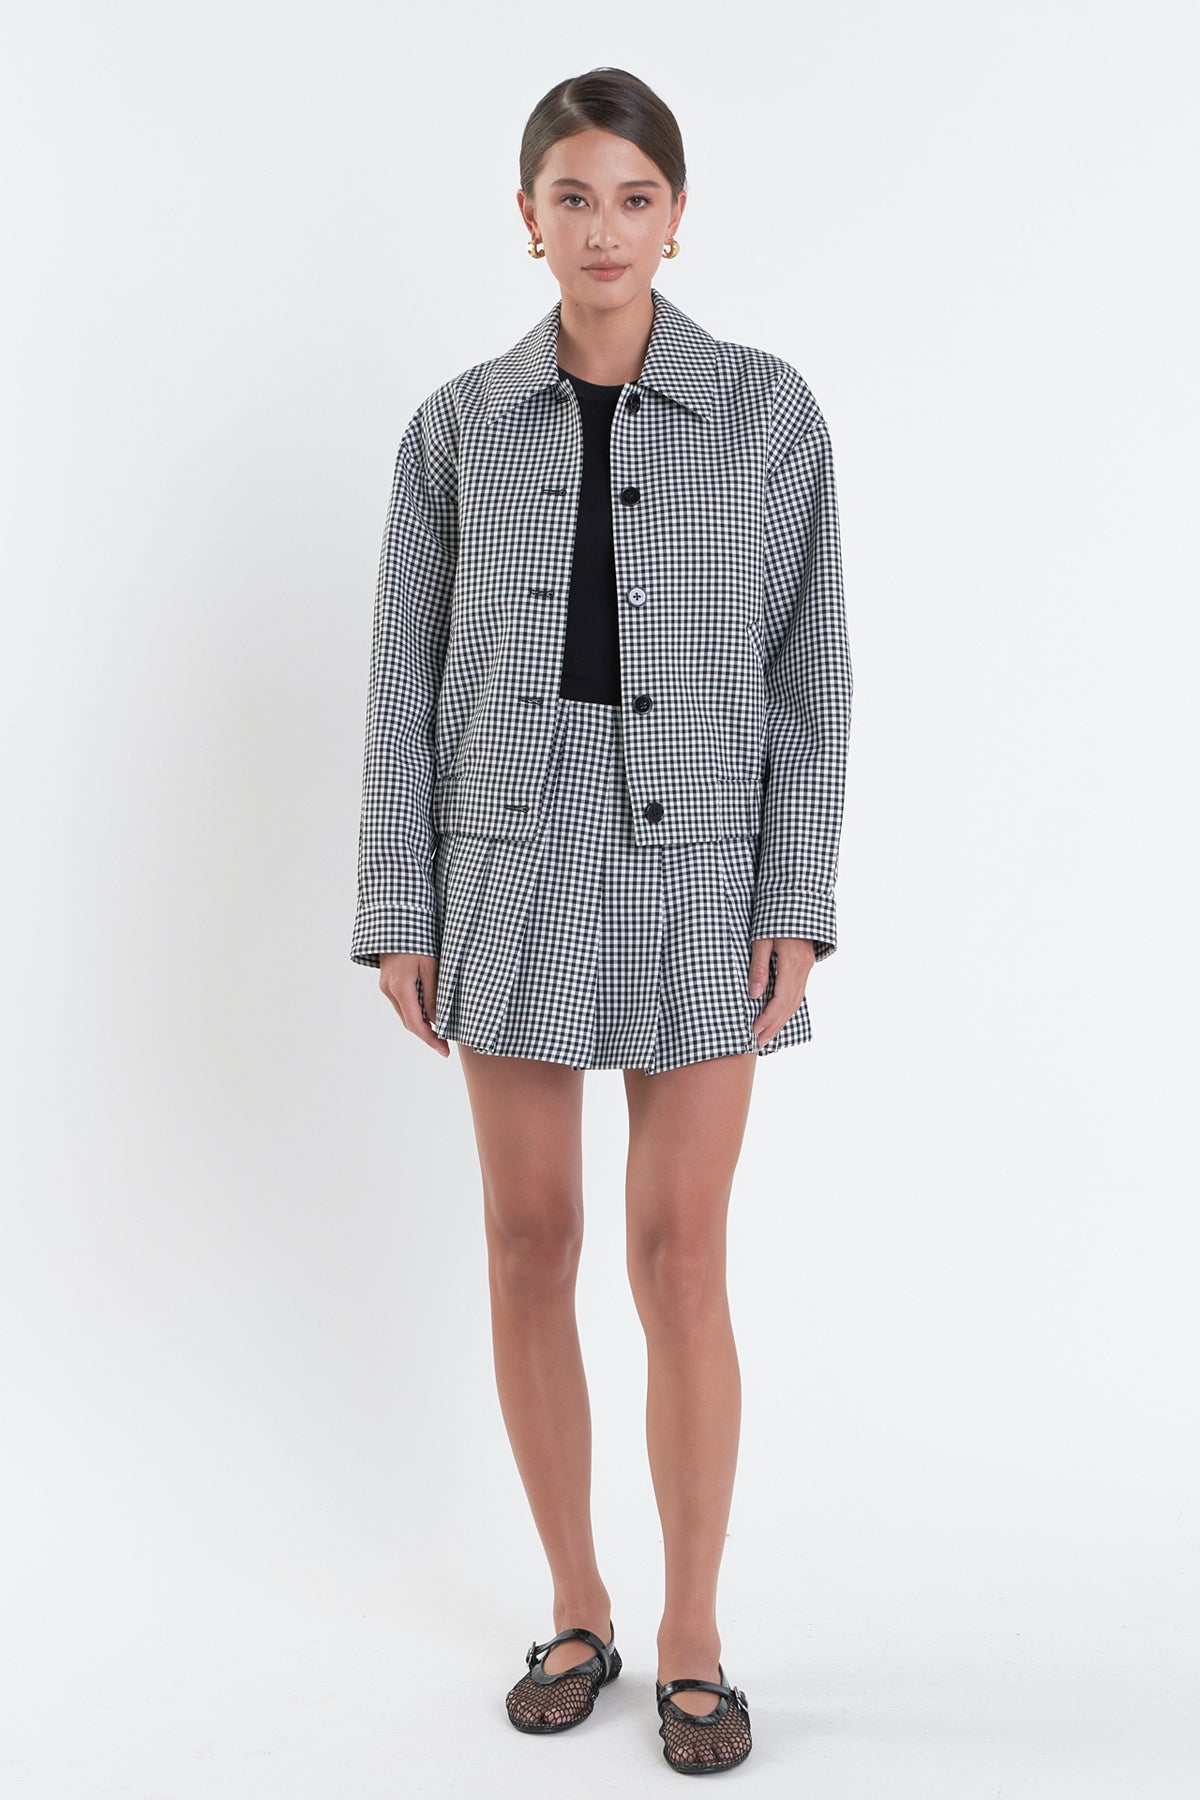 ENGLISH FACTORY - Gingham Check Jacket - JACKETS available at Objectrare
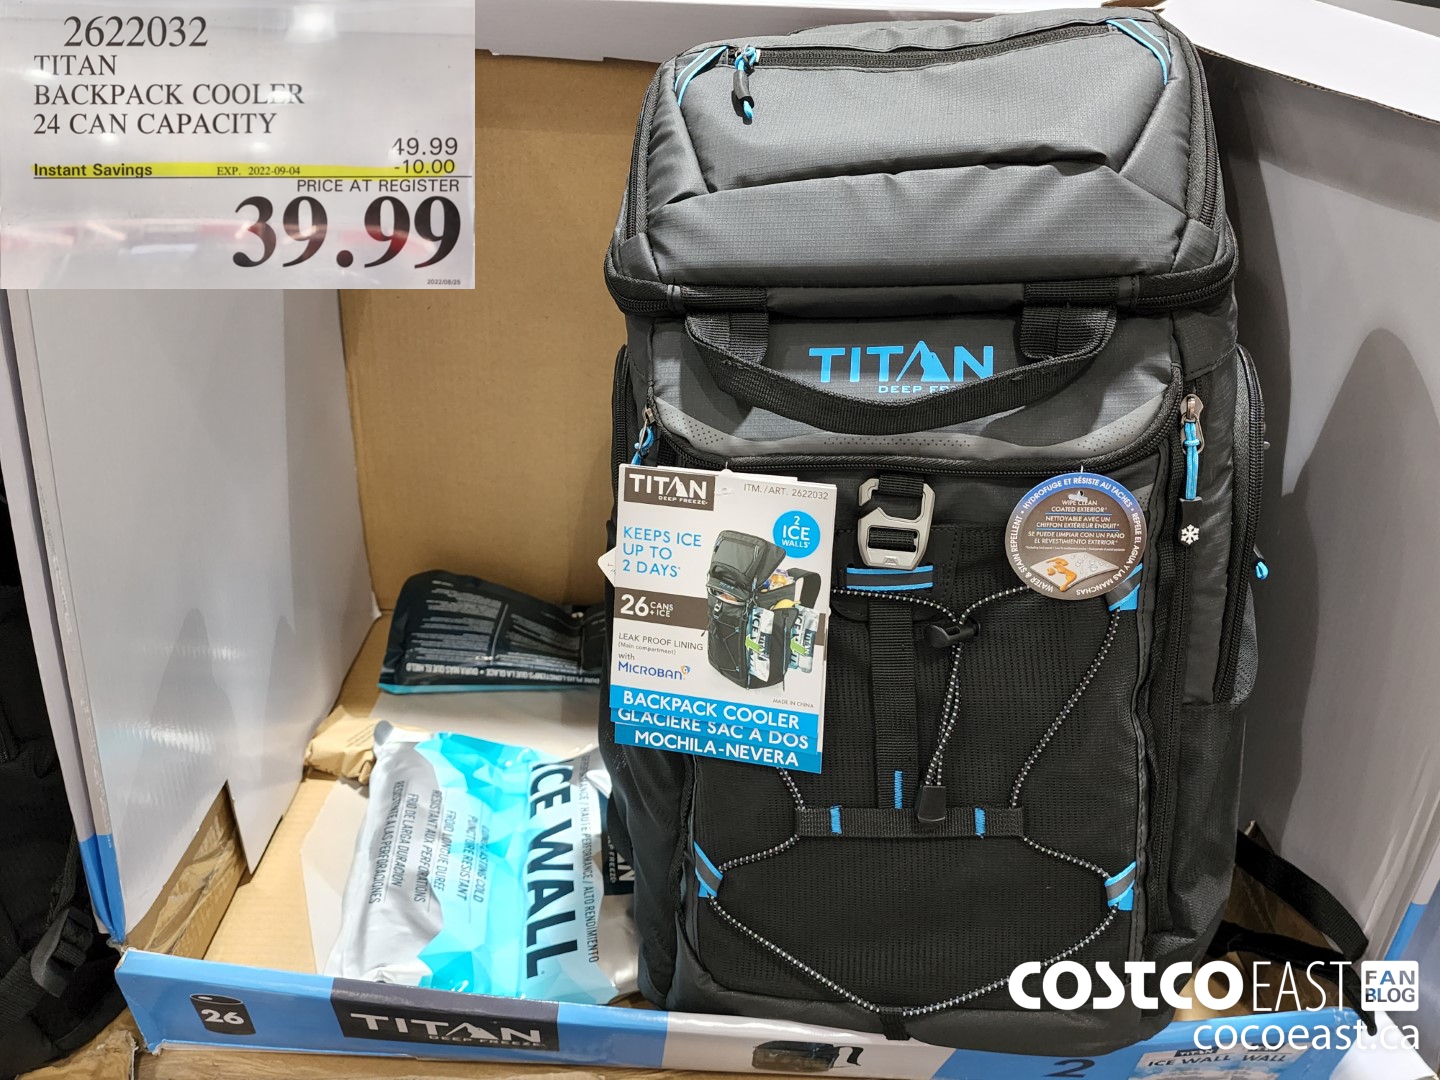 2622032 TITAN BACKPACK COOLER 24 CAN CAPACITY 10 00 INSTANT SAVINGS EXPIRES  ON 2022 09 04 39 99 - Costco East Fan Blog
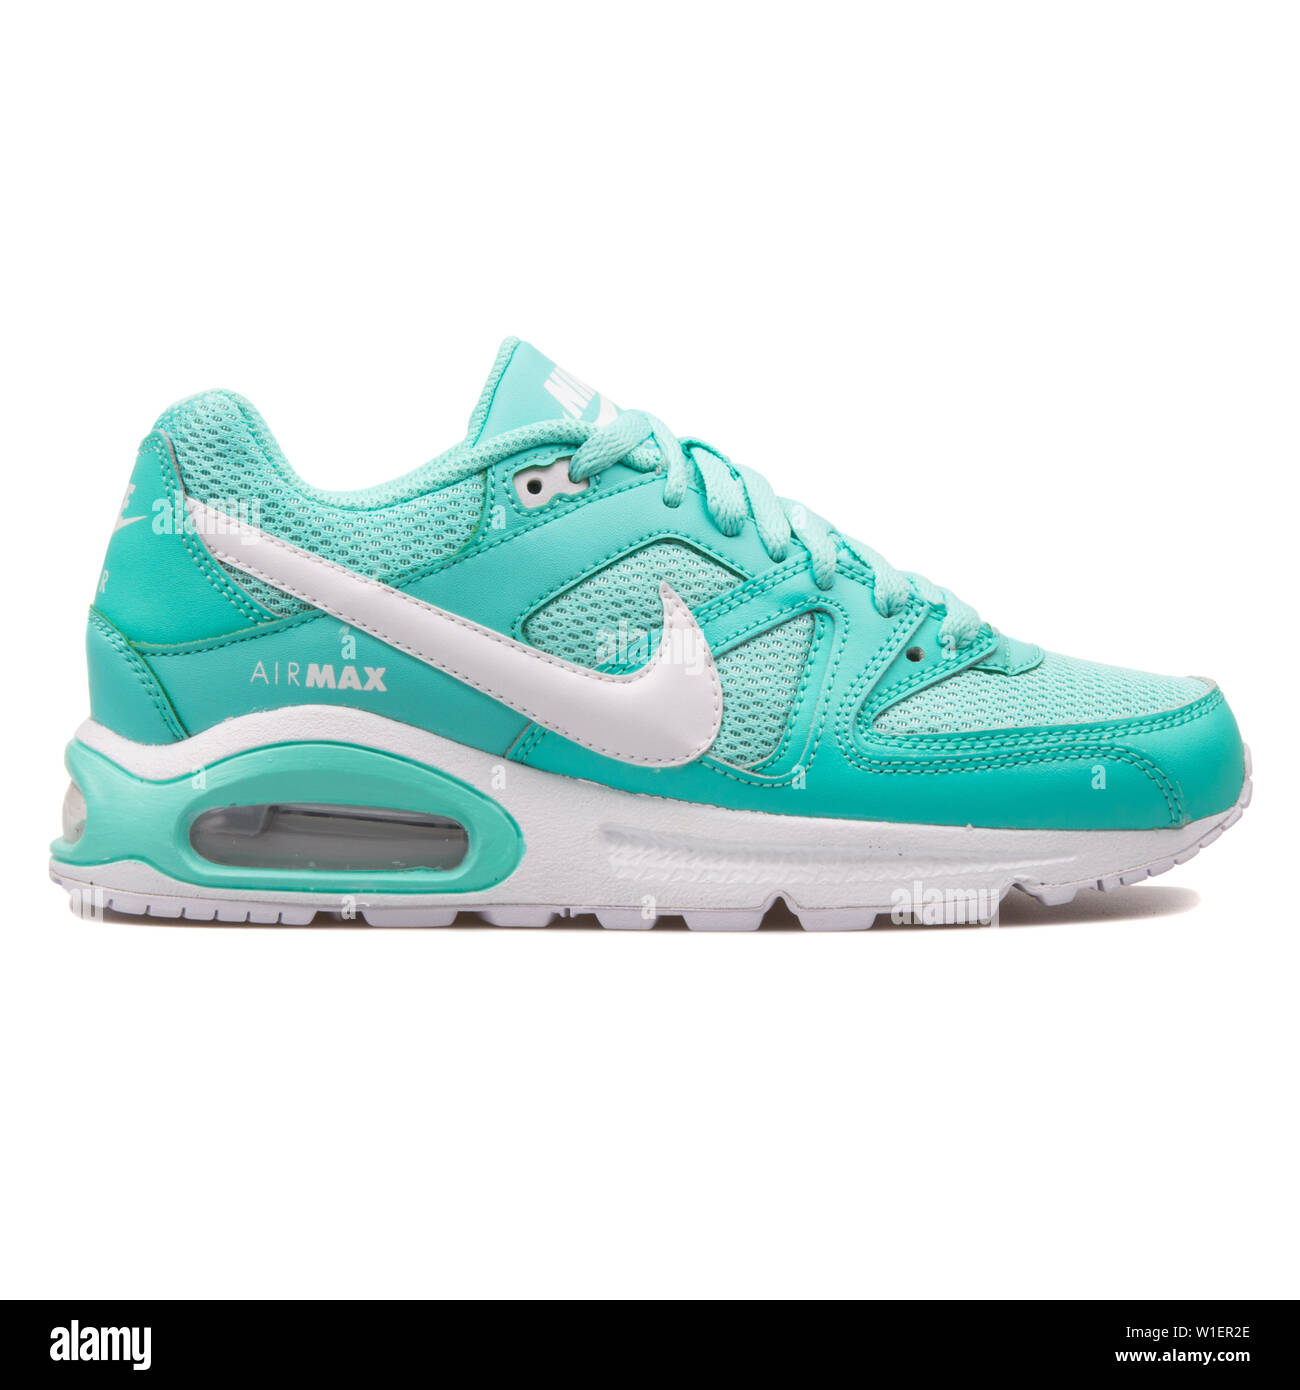 overal Shipley Dinkarville VIENNA, AUSTRIA - AUGUST 10, 2017: Nike Air Max Command turquoise and white  sneaker on white background Stock Photo - Alamy
==================================================
Repeat the listing above exactly, with no pictures.

 ENGLISH FACTORY - Gingham Check Jacket - JACKETS available at Objectrare
 2622032 TITAN BACKPACK COOLER 24 CAN CAPACITY 10 00 INSTANT SAVINGS EXPIRES  ON 2022 09 04 39 99 - Costco East Fan Blog
 overal Shipley Dinkarville VIENNA, AUSTRIA - AUGUST 10, 2017: Nike Air Max Command turquoise and white  sneaker on white background Stock Photo - Alamy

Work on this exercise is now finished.